Ele também se mostrou contrário à privatização dos sistema prisional, pois, segundo Albuquerque, “a segurança pública não pode ser delegada a terceiros”. Sobre as parcerias público privadas, o advogado afirmou que “dependendo da forma como são aplicadas, havendo o controle do Estado pode ser uma medida positiva”. Um grande exemplo, de acordo com ele, são as chamadas “APAC’s” “modelos de unidades onde há parceria com a iniciativa privada e há recuperação de cerca de 80% dos detentos, onde se prioriza o trabalho, a educação, a religião como forma de ressocializar o preso”. Modelos como esse podem ser vistos no interior de Minas Gerais e São Paulo e são exemplos para o Brasil.

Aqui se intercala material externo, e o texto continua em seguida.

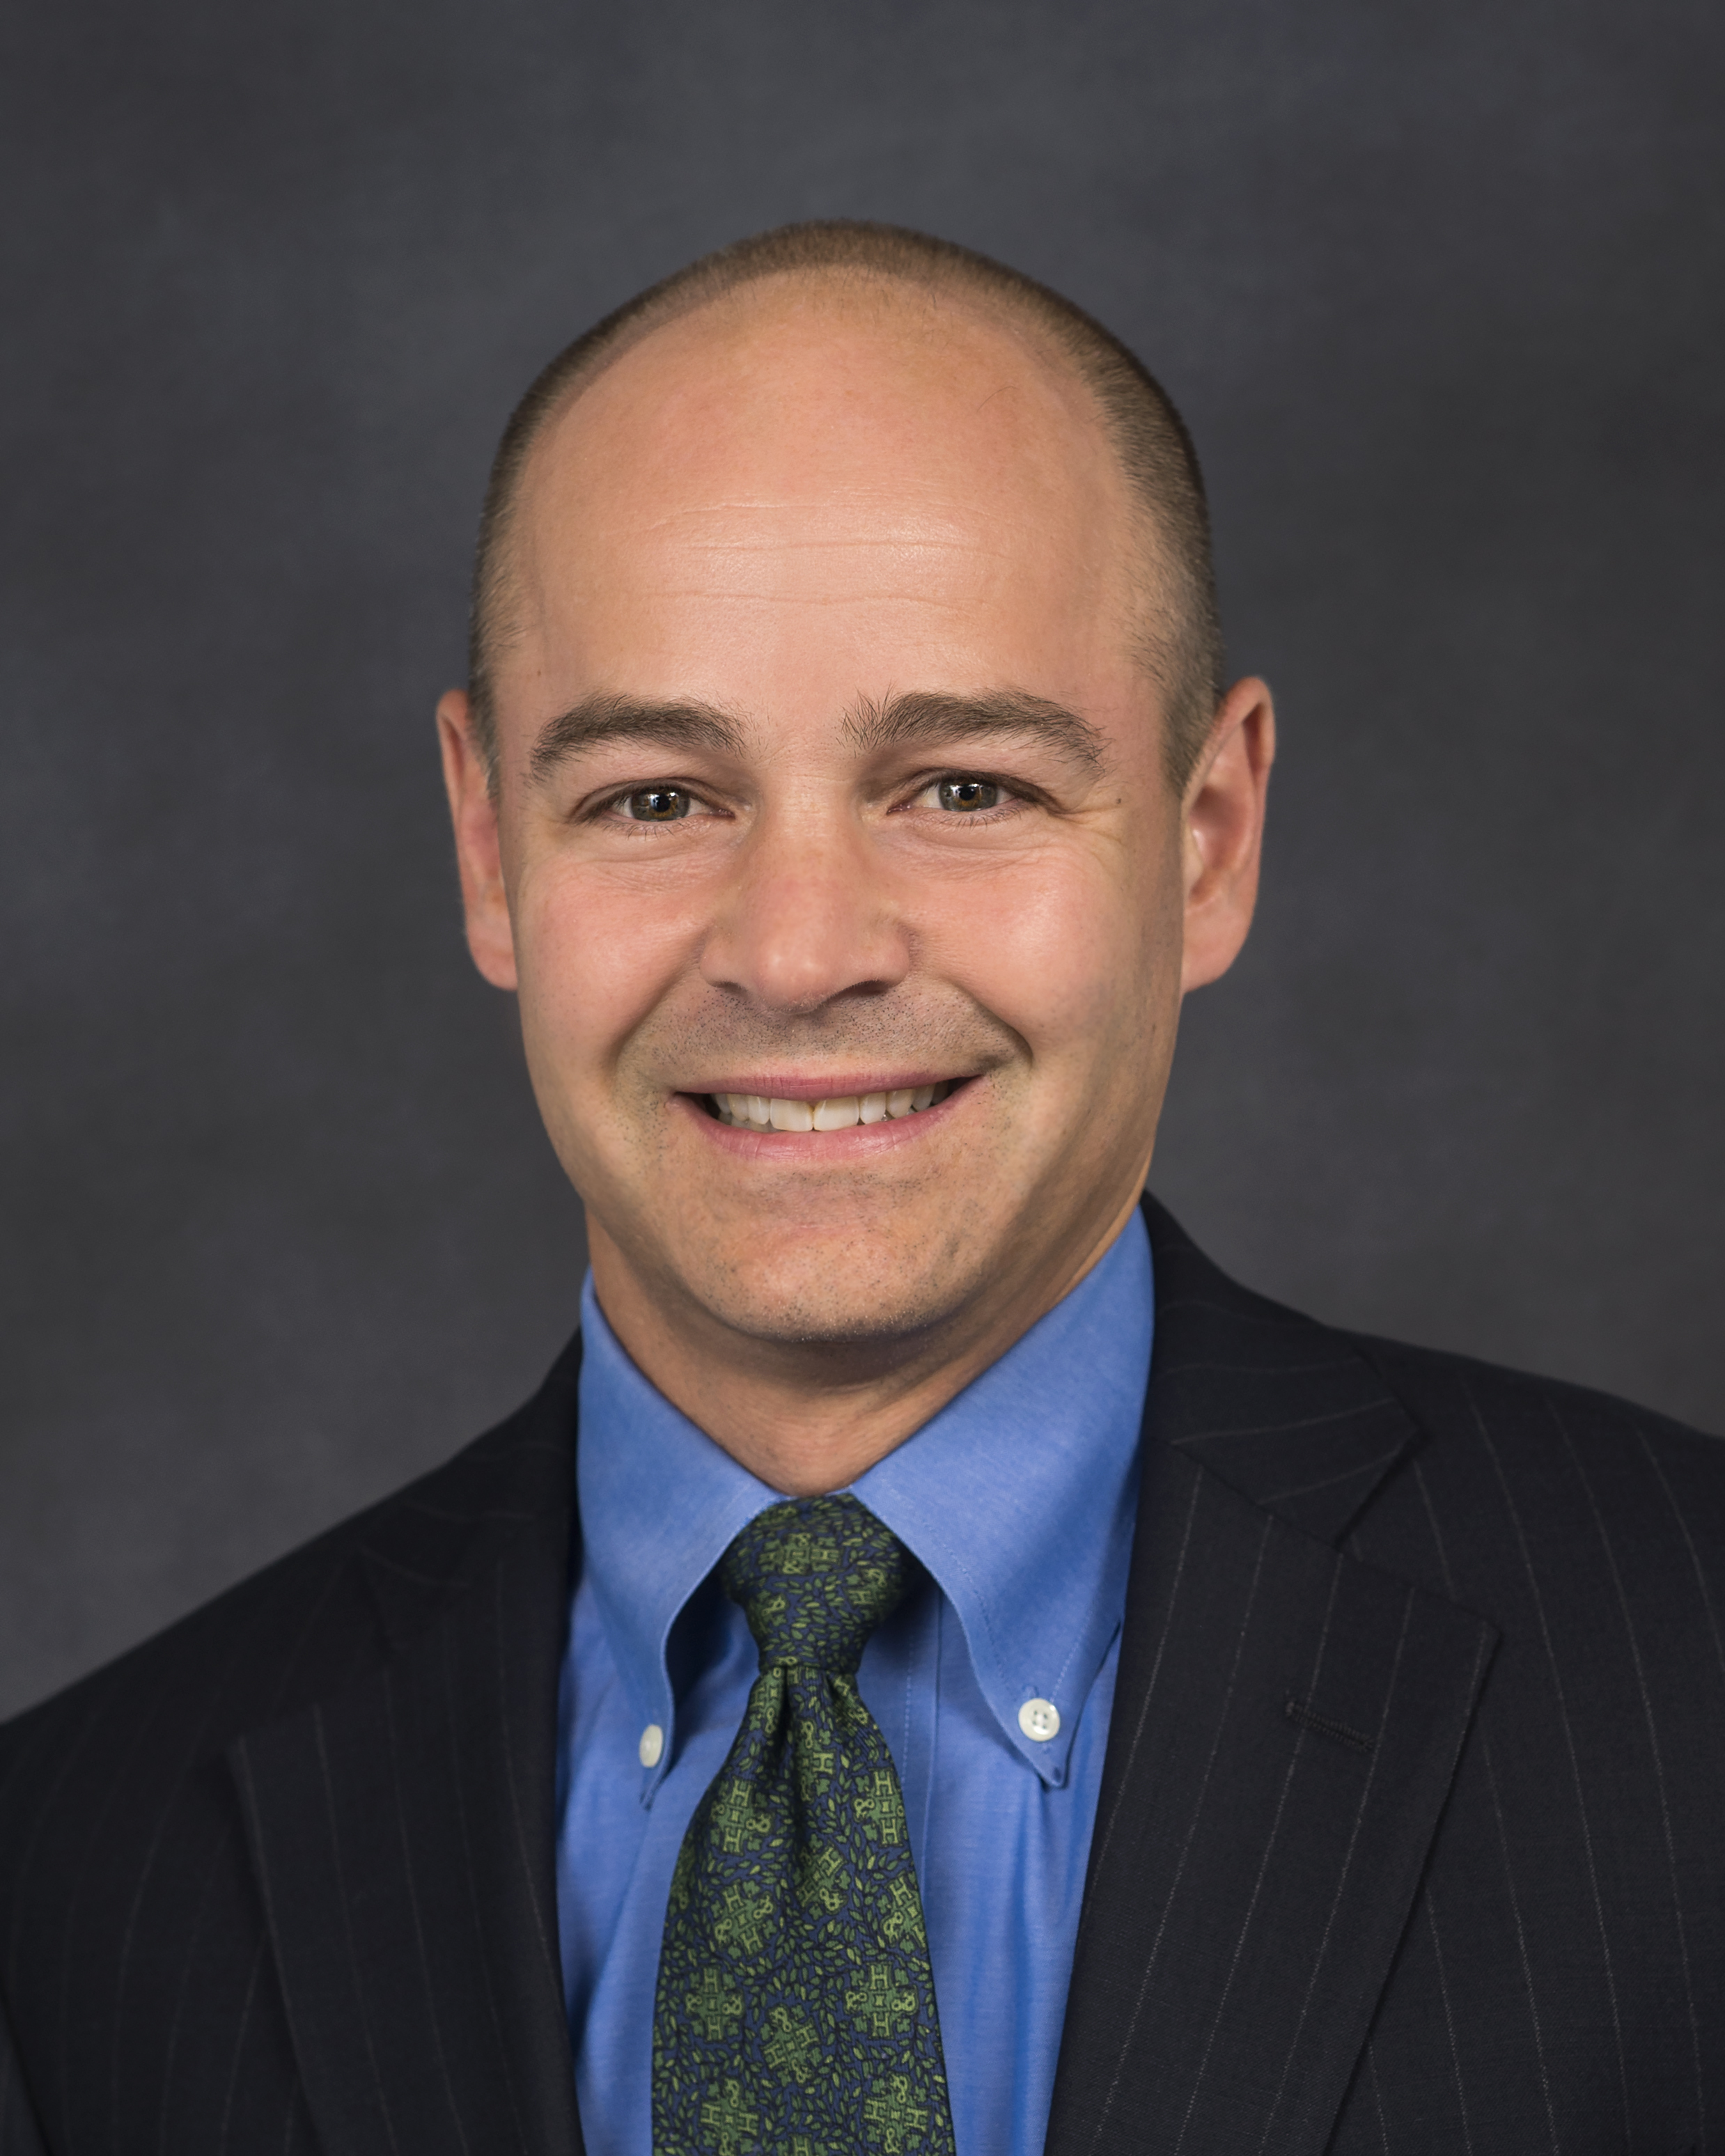 The University of Miami has appointed John Haller as the new Vice President of Enrollment Management - john_haller_headshot

Albuquerque abordou ainda o caso mais grave no Ceará envolve os presos provisórios, que chega a 60% do total dos encarcerados espalhados em presídios, cadeias públicas e delegacias do Estado. “É o exemplo de falência da estrutura”, disse.
Mais
O Governo do Estado garantiu R$ 52 milhões a serem investidos no aparelhamento de suas unidades prisionais. O recurso é oriundo do governo federal. O Ceará deve começar a receber o repasse tão logo o Fundo Penitenciário do Estado seja criado. O projeto de lei que cria o fundo aguarda o retorno da Assembleia Legislativa para ser encaminhado à Casa para análise e votação e, em seguida, sanção do governador Camilo Santana.
Projeto
Na semana passada, o Conselho Federal da Ordem dos Advogados do Brasil propôs ao Ministério da Justiça a celebração de um convênio para realizar mutirão de atendimento a pessoas presas e que não dispõem de advogado. A proposta foi feita pelo presidente nacional da OAB, Claudio Lamachia, ao ministro da Justiça, Alexandre de Moraes. Lamachia explica que o foco de atuação serão os presos que já cumpriram pena mas que continuam encarcerados por erro, os que já deveriam ter tido audiência de custódia para avaliar se precisam mesmo ficar detidos e os detidos provisoriamente com situação indefinida. A Ordem já disponibiliza, em todo o país, advogados para atuar em favor das pessoas desprovidas de defesa.
Entidades querem
agilizar processos de presos provisórios
Na última sexta-feira (20), a Ordem atendeu ao convite da presidente do Tribunal de Justiça do Ceará (TJCE), desembargadora Iracema Vale, e se reuniu com representantes do Ministério Público do Ceará (MP/CE), da Defensoria Pública do Estado e do Poder Judiciário com o objetivo de discutir ações conjuntas para agilizar a análise de processos de presos provisórios. A iniciativa atendeu a uma recomendação da presidente do Supremo Tribunal Federal (STF), ministra Cármen Lúcia. Para o presidente da OAB-CE, Marcelo Mota, é importante a construção de um plano de ação. “Precisamos reagir. A OAB disponibiliza sua força de trabalho para termos dias melhores. Tenho certeza de que essa reunião renderá grandes frutos para a sociedade”, disse.
Entre as medidas estabelecidas estão: levantamento de comarcas sem defensores públicos e regionalização da Defensoria para ação concentrada em processos com presos provisórios; disponibilização, pela OAB, de advogados voluntários; criação, por parte do Judiciário, de núcleos permanentes de juízes da área criminal em Fortaleza e no Interior; e ampliação do sistema de audiências por videoconferência.
Um novo novo encontro ficou marcado para a próxima quarta-feira, dia 25 de janeiro, às 10 horas. A nova reunião contará com a participação de juízes que atuam na área de execução penal e de representantes das secretarias da Justiça, de Segurança Pública e do Gabinete do Governador do Estado.